The excluded statement detailed numerous crimes that Meader had committed, and reveals that Ms. Burbee knew of this criminal activity. The statement also reveals that Ms. Burbee had wanted Meader, who had been living with the defendant and Ms. Burbee for two weeks, to leave her home once she discovered these facts.
A trial judge has broad discretion in ruling on questions of relevancy during trial. State v. Kilton, Me., 387 A.2d 210 (1978). Even assuming the statement was relevant, we conclude that no error was committed under Rule 403, M.R.Evid.State v. Morton, Me., 397 A.2d 171 (1979). The excluded statement in no way countered the evidence of defendant's involvement in the charged crimes. There was the danger that admission into evidence of the statement would tend to confuse the issue of defendant's guilt with that of Meader's. See, State v. Morton, supra.

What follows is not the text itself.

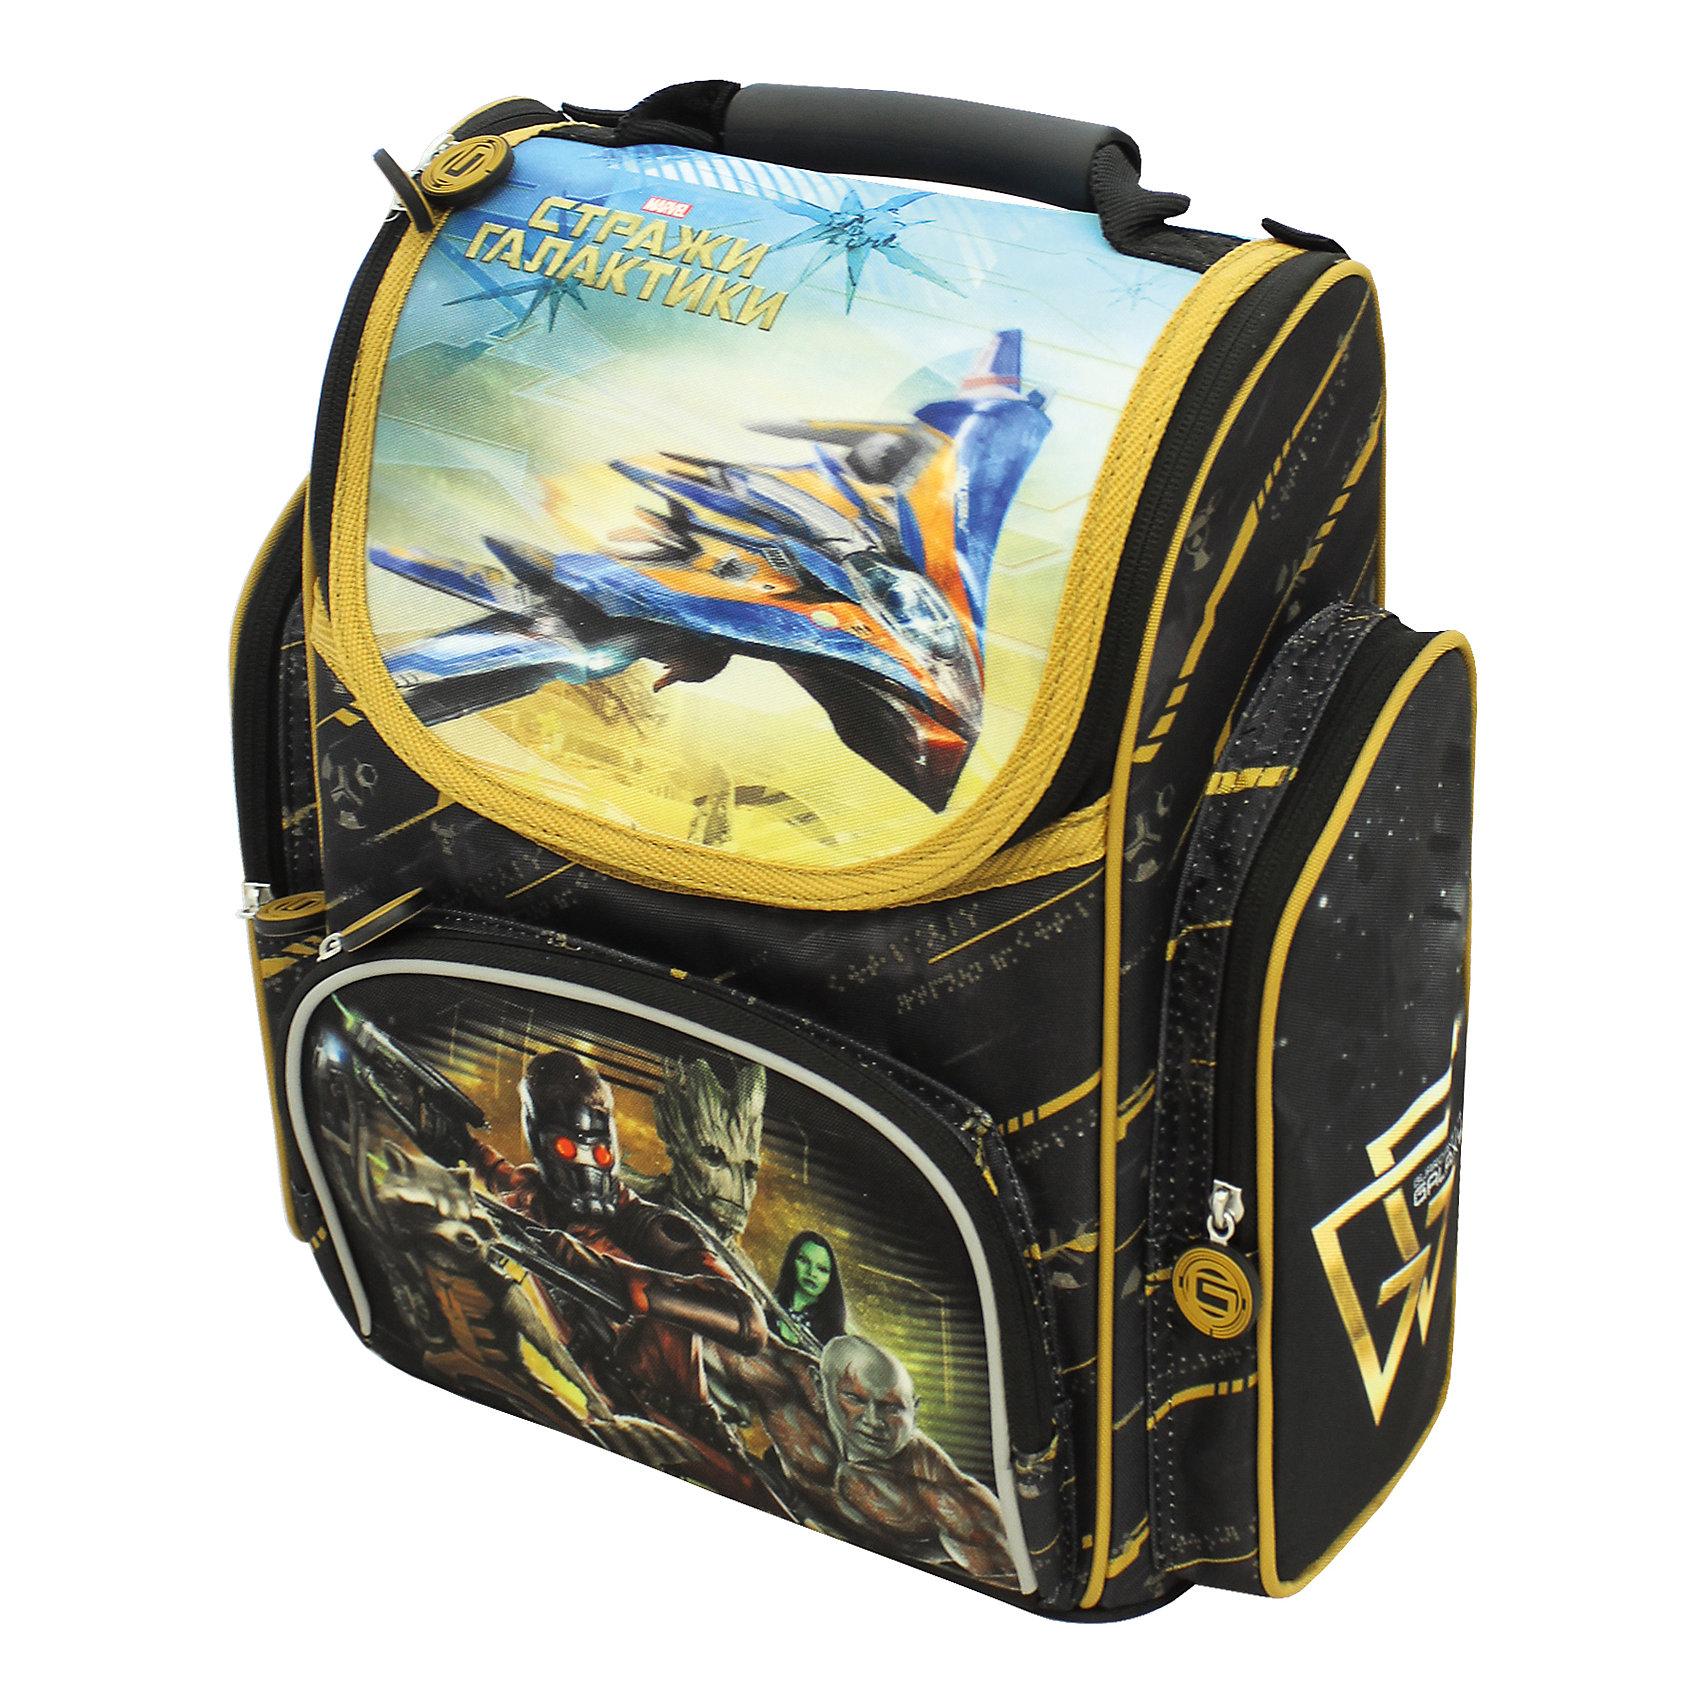 Ортопедический рюкзак Стражи галактики, MarvelАккуратный и вместительный ортопедический рюкзак с прочным каркасом – прекрасный вариант для вашего ребенка. В его основное отделение на молнии легко поместятся предметы формата А4. Внутри – два отсека для тетрадей, приспособление для ключей и карман для личной карточки. Снаружи – лицевой карман на молнии, подходящий для пенала, и два боковых кармана на молнии. Ортопедическая спинка, созданная по специальной технологии из дышащего материала, равномерно распределяет нагрузку на плечевые суставы и спину. Удлиненные держатели облегчают фиксацию длины ремней с мягкими подкладками. Светоотражающие элементы на лямках и лицевом кармане повышают безопасность ребенка на дороге в темное время суток. Пластиковая ручка удобна для переноски в руке. Пластиковые ножки защищают дно от загрязнения. Рюкзак изготовлен из износоустойчивых материалов с водонепроницаемой основой, декорирован ярким принтом и стильными подвесками на молнии.<br><br>Дополнительная информация:<br><br>- Материал: текстиль, пластик<br>- Размер: 30х17х36 см.<br>- Цвет: черный, желтый <br>- Количество отделений: 1<br>- Количество карманов: 3<br>- Тип застежки: молния.<br>- Ортопедическая спинка.<br>- Регулируемые по длине лямки с мягкими накладками.<br>- Дно с пластиковыми ножками.<br>- Светоотражающие элементы. <br><br>Ортопедический рюкзак Стражи галактики, Marvel (Марвел), можно купить в нашем магазине.<br><br>Ширина мм: 300<br>Глубина мм: 170<br>Высота мм: 360<br>Вес г: 1020<br>Возраст от месяцев: 36<br>Возраст до месяцев: 108<br>Пол: Мужской<br>Возраст: Детский<br>SKU: 4073997

We find no abuse of discretion in the exclusion of Ms. Burbee's statement. Accordingly, the entry must be:
 Rule 403, M.R.Evid., provides:
Although relevant, evidence may be excluded if its probative value is substantially outweighed by the danger of unfair prejudice, confusion of the issues, or misleading the jury, or by considerations of undue delay, waste of time, or needless presentation of cumulative evidence.